I have a strong intuition that Coapplicative is a superclass for Comonad, but I don't know how to prove it. Also, is there a Coapplicative instance that is not a Comonad?

Edit

I forgot to mention that liftA2 can be derived from liftZ2:

liftA2 f x y = fmap (uncurry f) (liftZ2 x y)

Also, the instance Coapplicative NonEmpty above is wrong. It must be:

instance Coapplicative NonEmpty.NonEmpty where
    copure (x NonEmpty.:| _) = x
    coliftZ2 (Left x NonEmpty.:| xs) = Left (x NonEmpty.:| fmap (fromLeft x) xs)
    coliftZ2 (Right y NonEmpty.:| ys) = Right (y NonEmpty.:| fmap (fromRight y) ys)

Answer 1

This is not a complete answer, but I can at least make the case that your instance of Coapplicative NonEmpty cannot be derived from Comonad methods alone; that is, if there is some parametric implementation of

coliftZ2 :: (Comonad w) => w (Either a b) -> Either (w a) (w b)

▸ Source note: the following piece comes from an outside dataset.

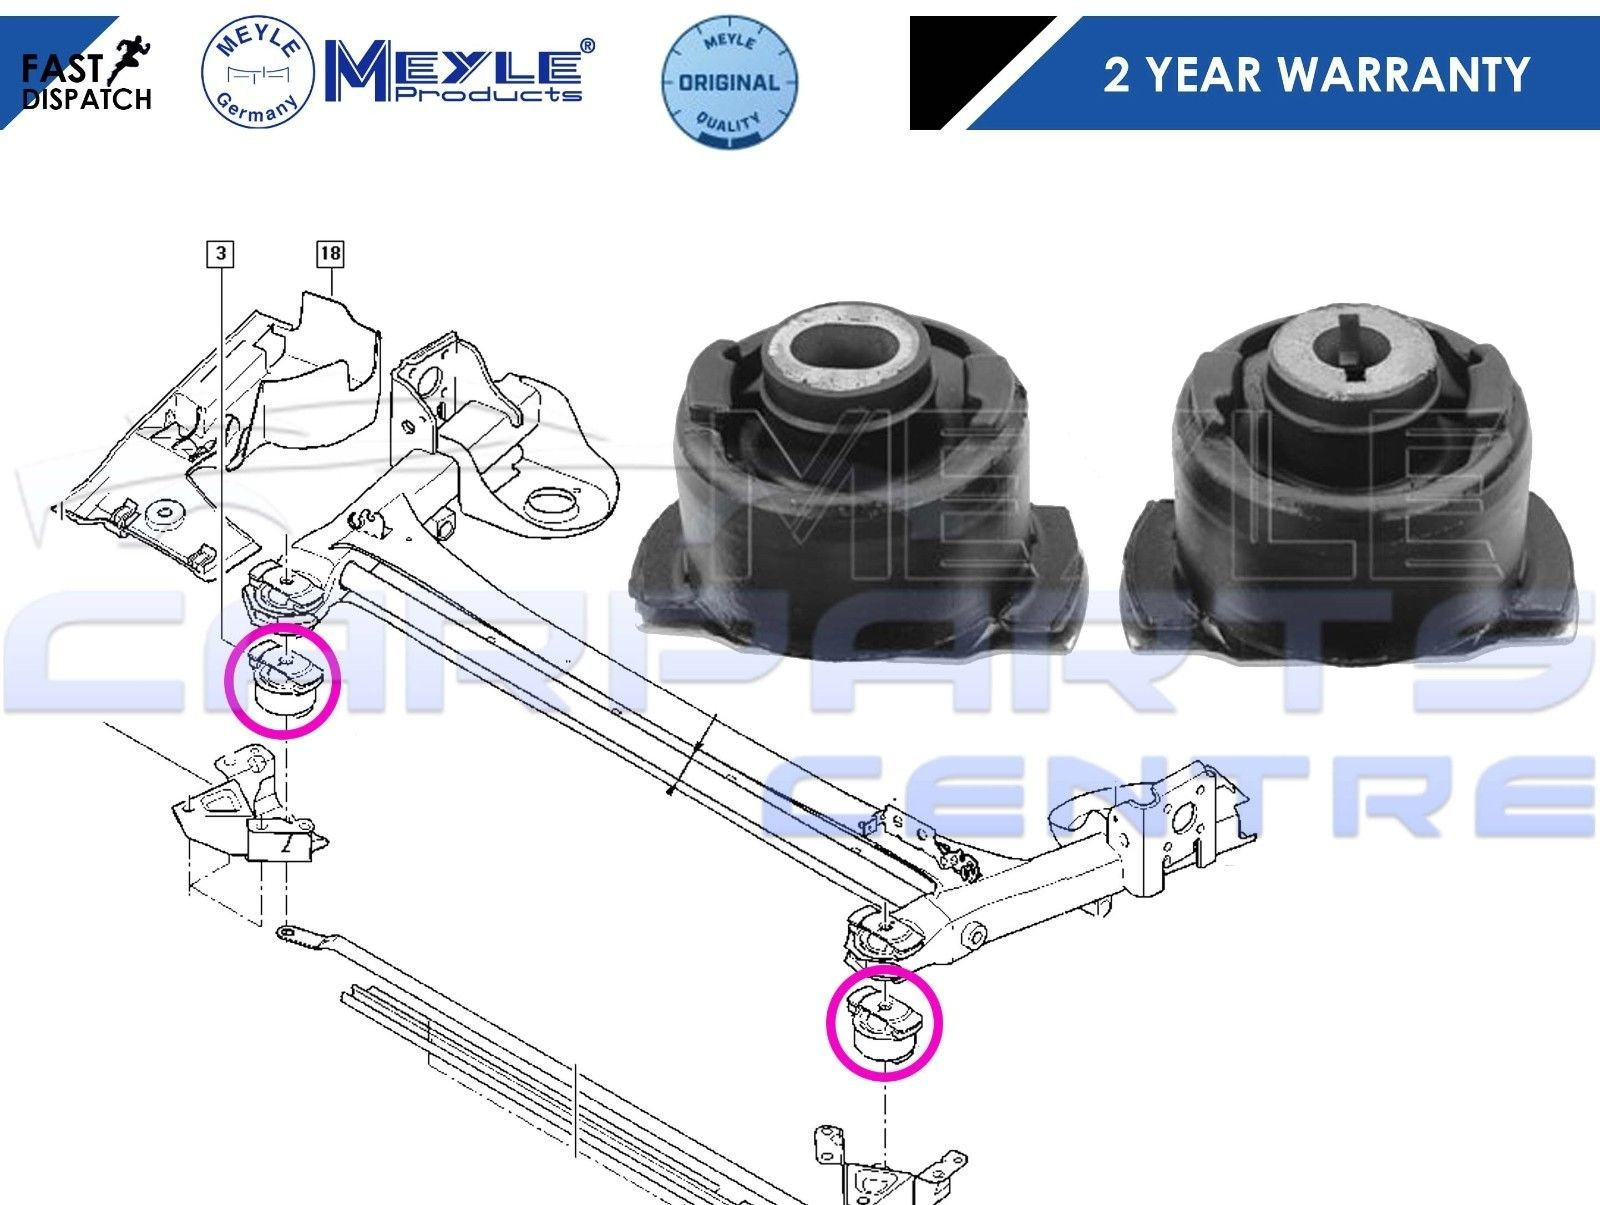 Renault Megane Engine Diagram For Renault Laguna Mk2 Sport Tourer 01 Rear Axle Mounting Subframe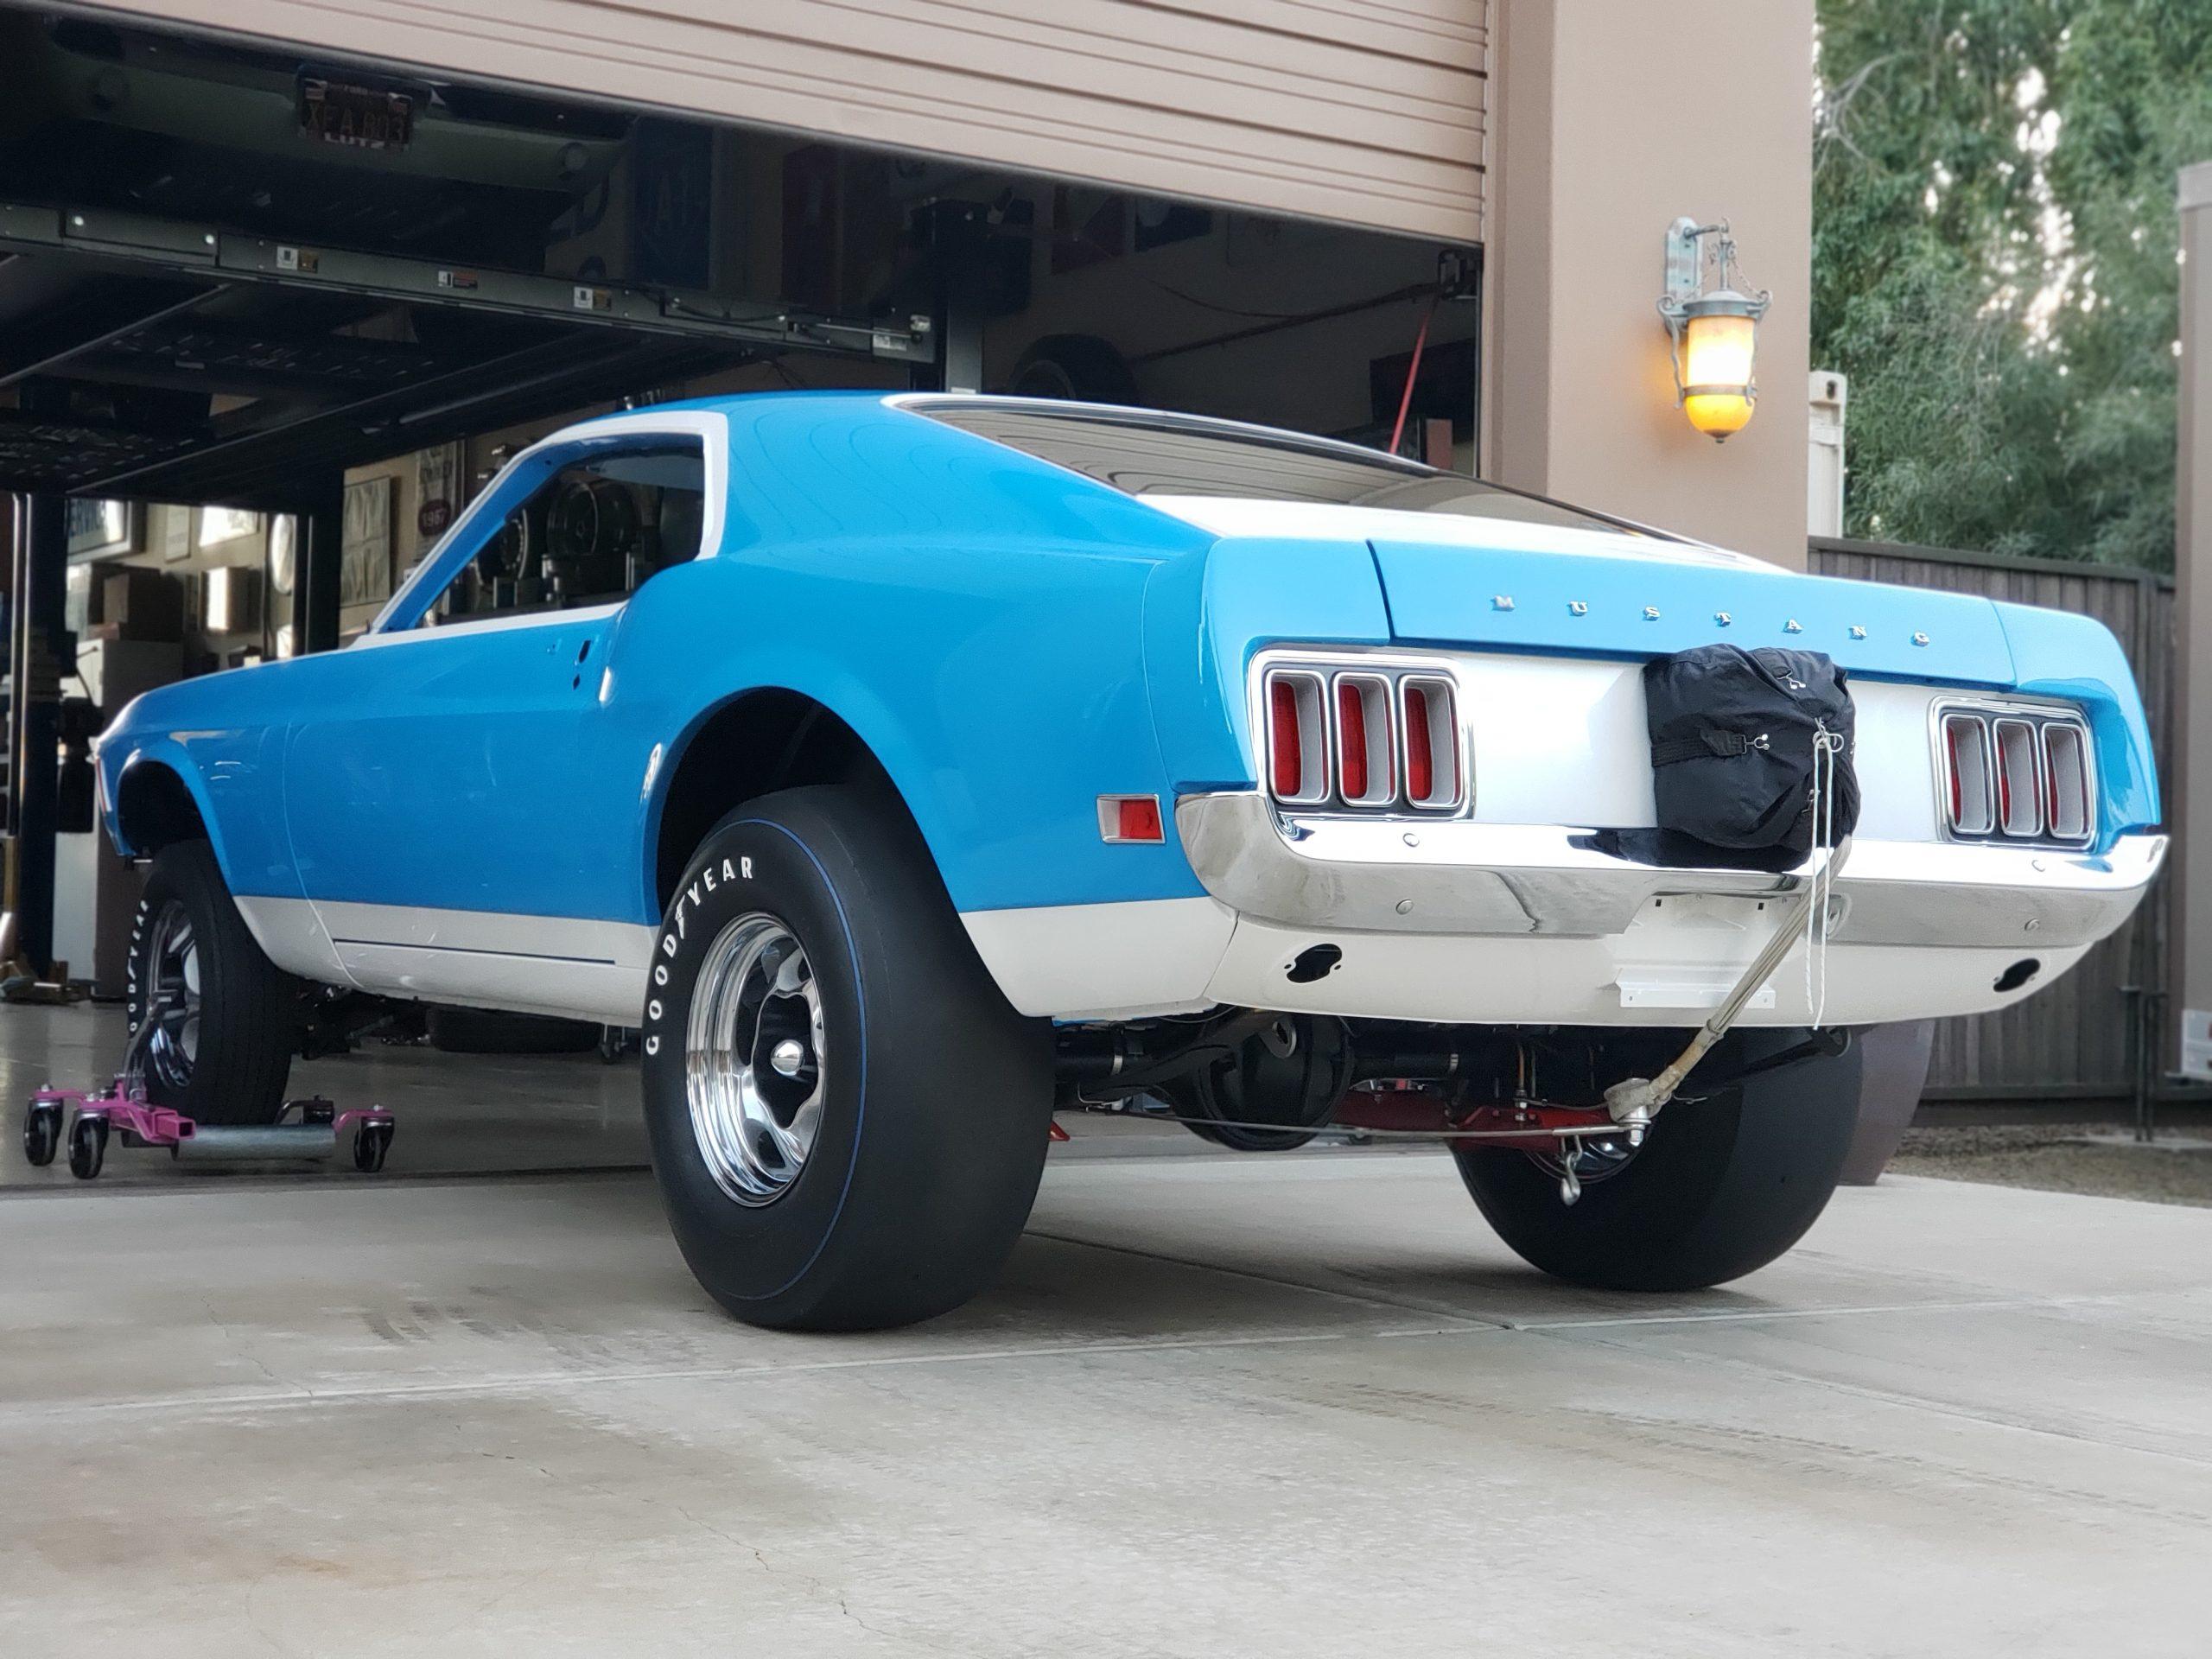 Lawman Boss 429 Ford Mustang restoration rear three-quarter outside garage

then it does not generate your instance for NonEmpty. This is because the methods of Comonad NonEmpty alone do not afford us any way of changing the length of a list, but your NonEmpty instance of coliftZ2 changes the length. So if NonEmpty is to be a Coapplicative, it must do so in some other way, or else Coapplicative can't be a superclass of Comonad.

---

As you investigate further, I would say it is worth exploring the comonad

data Two a = Two a a
    deriving (Functor)

instance Comonad Two where
    extract (Two x _) = x
    duplicate (Two x y) = Two (Two x y) (Two y x)

and considering what its coliftZ2 implementation must be. You haven't given any laws for Coapplicative, but if you did, I would put my money on this breaking them because there is no implementation of coliftZ2 which is satisfyingly symmetrical. Both of the following equations are rather forced, but they seem to indicate very different intentions for the operation:

coliftZ2 (Two (Left x) (Left y)) = Left (Two x y)
coliftZ2 (Two (Left x) (Right _)) = Left (Two x x)

In my opinion the question that will shed the most light on this is: What should we expect of the relationship of coliftZ2 to the comonad methods?